Work request: Once the pictures are set aside, copy the data below exactly as it stands.

Supplied information:
###

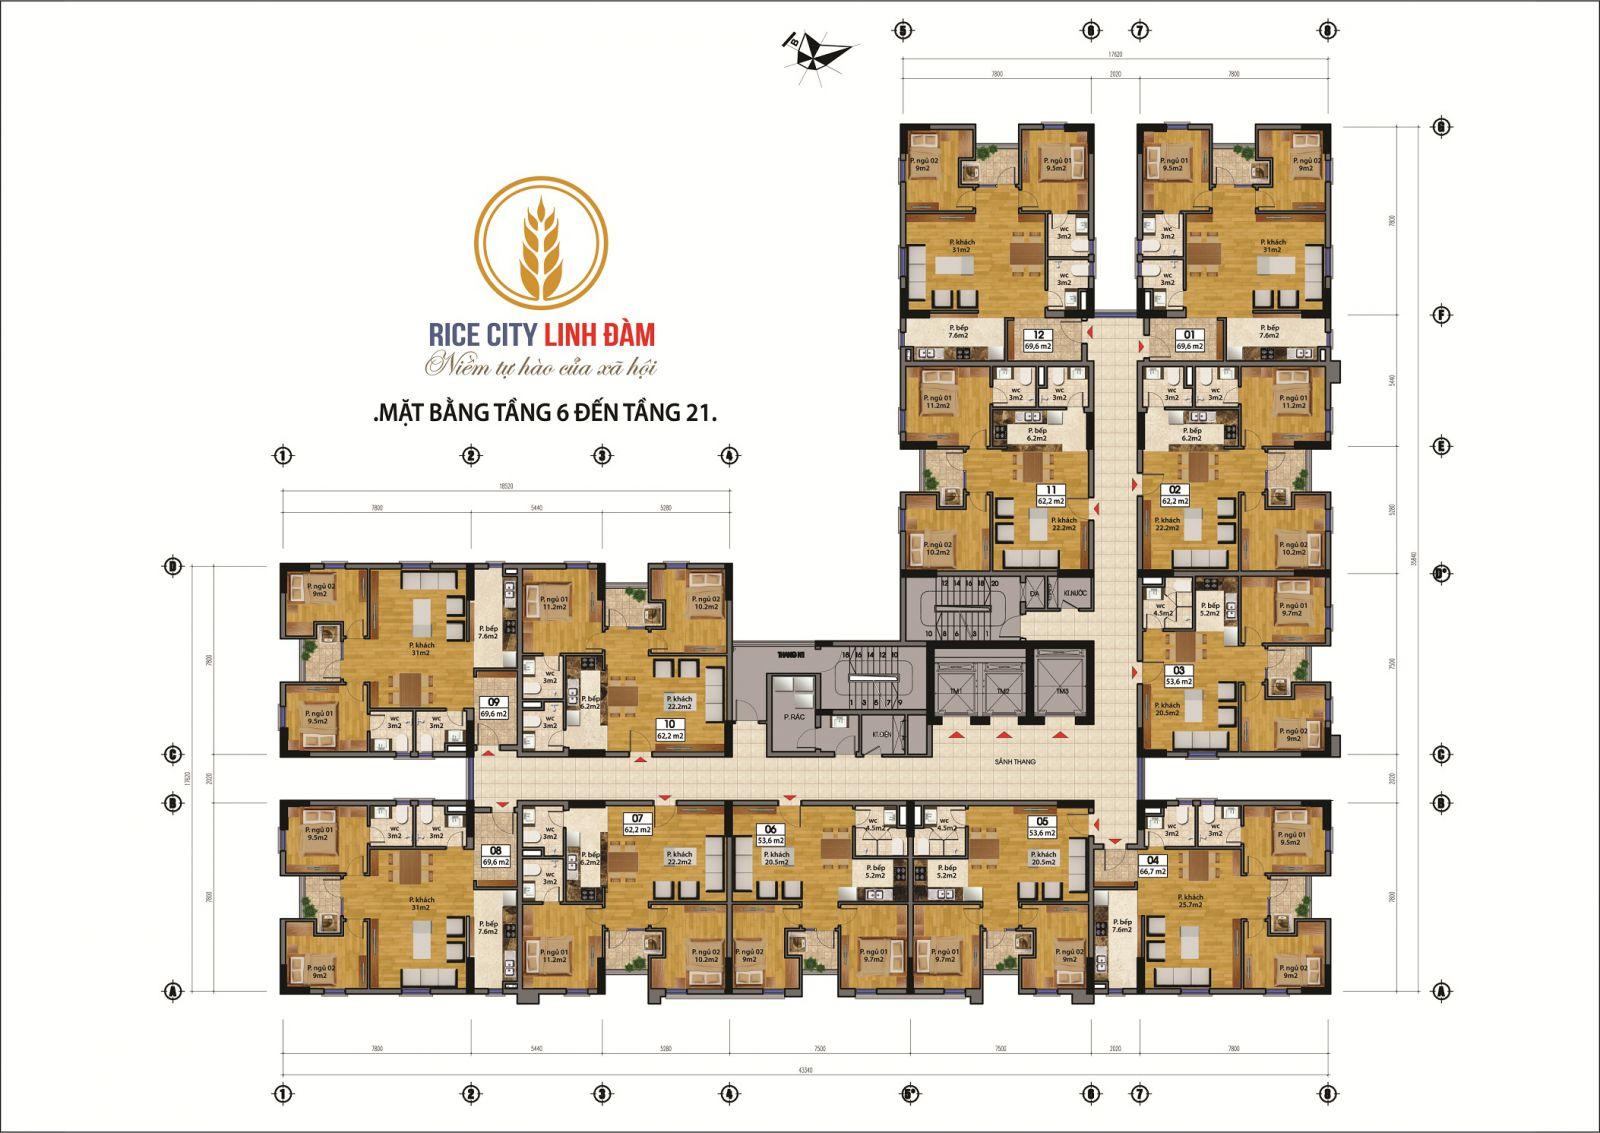 mặt-bằng-tòa-nam-tầng-6-21-rice-city-linh-đàm
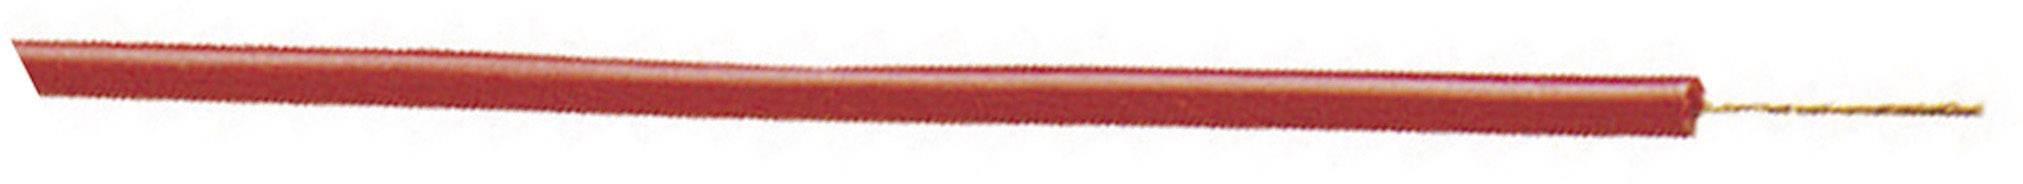 Opletenie / lanko Stäubli 61.7553-10027 SILI-E, 1 x 0.75 mm², vonkajší Ø 2.70 mm, metrový tovar, hnedá
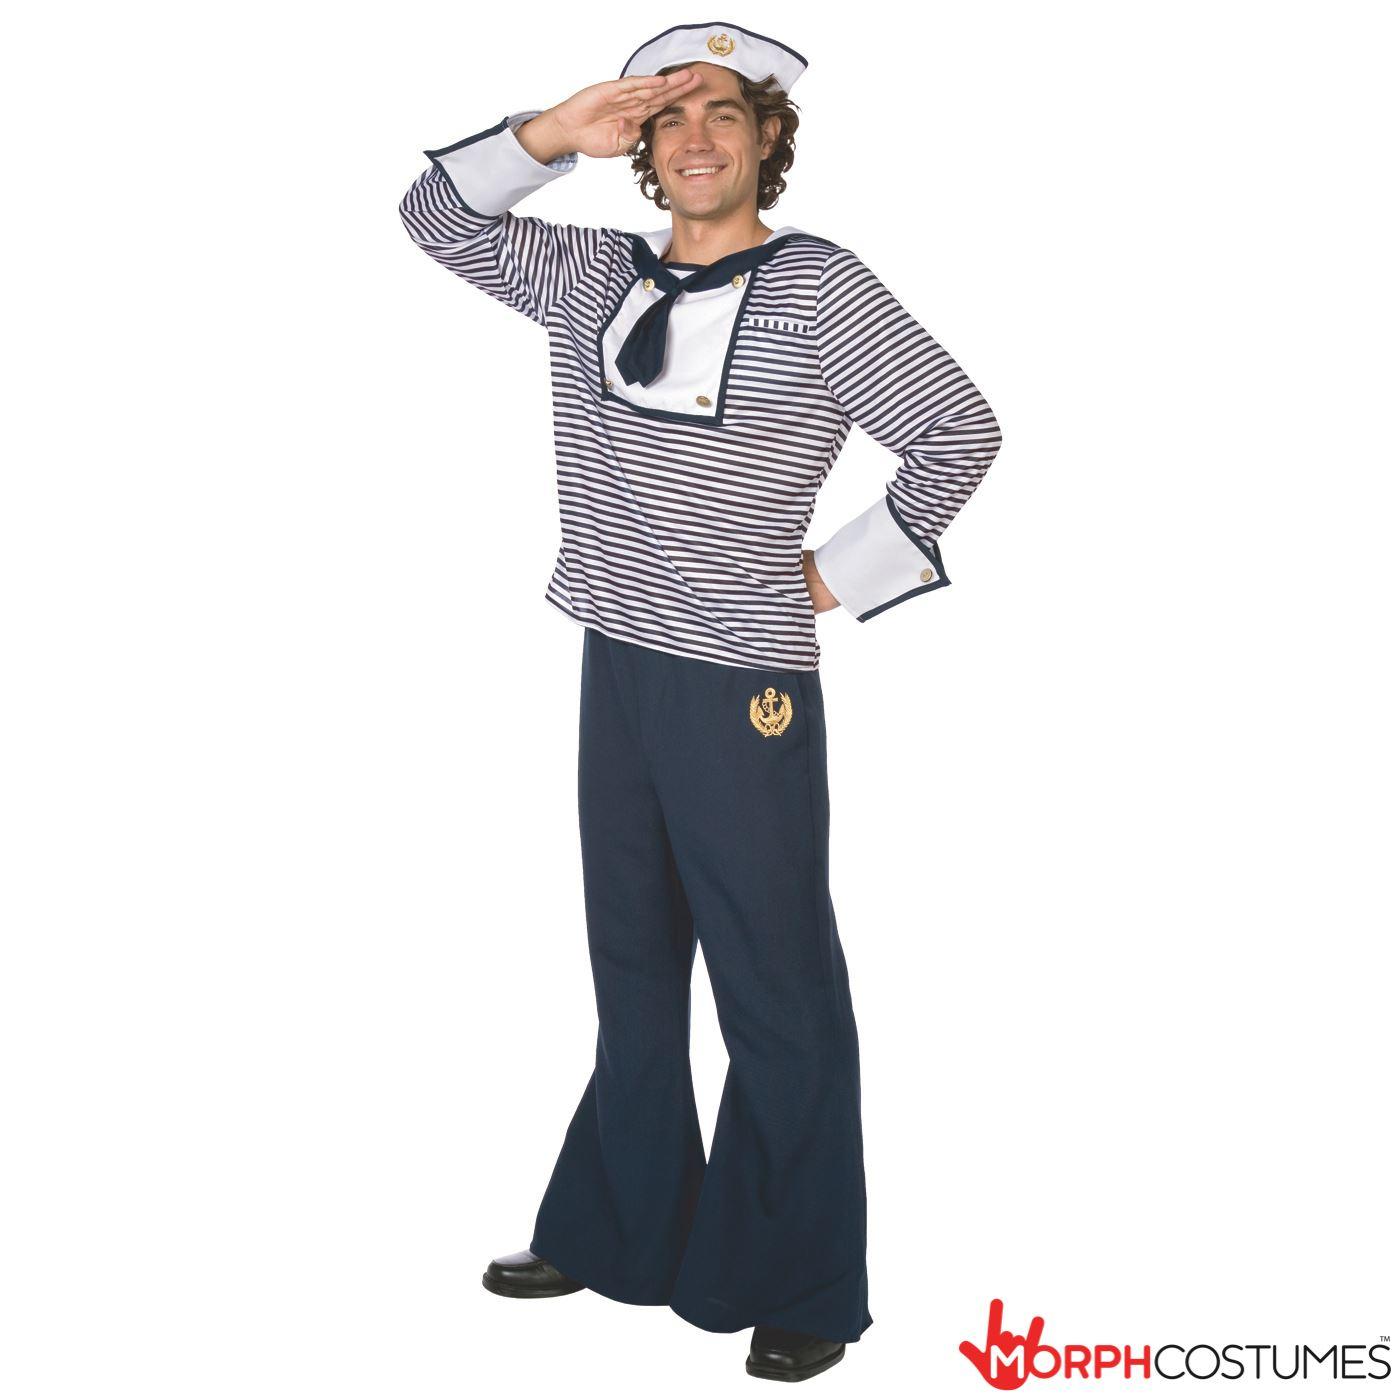 MENS SAILOR COSTUME  sc 1 st  eBay & Mens Sailor Fancy Dress Costume Navy Uniform Complete Outfit Incl ...

###

Result of the task:
 mặt-bằng-tòa-nam-tầng-6-21-rice-city-linh-đàm
 Opletenie / lanko Stäubli 61.7553-10027 SILI-E, 1 x 0.75 mm², vonkajší Ø 2.70 mm, metrový tovar, hnedá
 MENS SAILOR COSTUME  sc 1 st  eBay & Mens Sailor Fancy Dress Costume Navy Uniform Complete Outfit Incl ...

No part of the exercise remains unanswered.